A magazine edited Lupita Nyong'o's hair on its cover, and she's really not having it.

Oscar-winning actress Lupita Nyong'o isn't happy with her latest magazine cover, and for good reason.

Appearing on the cover of Grazia, a U.K.-based fashion magazine, Nyong'o couldn't help but notice that something was missing from the original photoshoot: namely, her hair. The image as it appears in the magazine erases an entire section of Nyong'o's hair and smooths the rest of it.

Nyong'o took to her social media accounts to vent her frustration with the decision to take such creative liberties, writing on Instagram that she was "disappointed" in the outlet for trying to box her into their ideal of beautiful hair.


"Had I been consulted, I would have explained that I cannot support or condone the omission of what is my native heritage with the intention that they appreciate that there is still a very long way to go to combat the unconscious prejudice against black women's complexion, hair style and texture," she wrote.

In 2016, Vogue incorrectly attributed the inspiration for Nyong'o's hairstyle at that year's Met Gala to Audrey Hepburn. She was quick to correct them, as well.

N'yongo put together a video compilation of her real hair inspirations — Nina Simone as well as a number of traditional East and West African styles — for the event:

Hair Inspiration. Check. @vernonfrancois @voguemagazine #metball2016

A post shared by Lupita Nyong'o (@lupitanyongo) on

So it shouldn't come as any surprise that when Grazia literally erased an important part of her look, she spoke up.

Again, writing on Instagram, she explains that growing up, she was conditioned to believe that "light skin and straight, silky hair were the standards of beauty." Magazine covers didn't often show women with hair like hers — and the Grazia cover demonstrates this is still the case.

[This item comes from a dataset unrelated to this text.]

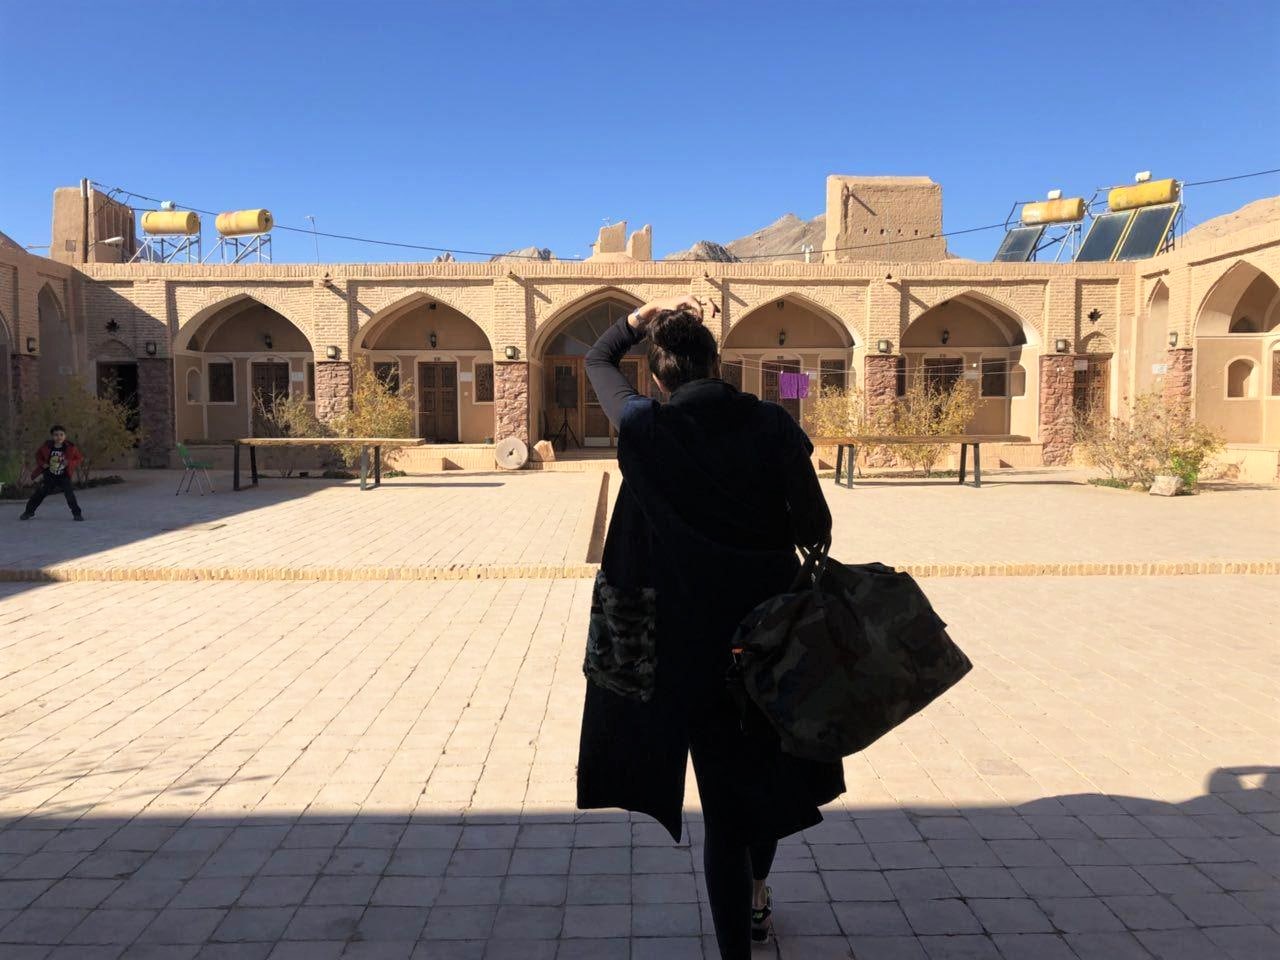 Desert اجاره خانه سنتی کویری در انارک اصفهان - 19

"I now know that my dark skin and kinky, coily hair are beautiful too," she wrote. "Being featured on the cover of a magazine fulfills me as it is an opportunity to show other dark, kinky-haired people, and particularly our children, that they are beautiful just the way they are."

Nyong'o accepting an Oscar for her performance in "12 Years a Slave" in 2014. Photo by Kevin Winter/Getty Images.

Responding to the backlash, Grazia offered an apology, noting that the photographer made the alteration without their notice.

Whether that changes anything in the mind of Nyong'o or anyone else...  ¯\\_(ツ)_/¯. After all, she hoped that her cover could help inspire girls growing up in a world of Euro-centric beauty standards, which apology aside, won't happen with this cover.

If there's one thing to take away from this moving forward, in her words, it's #dtmh — don't touch my hair.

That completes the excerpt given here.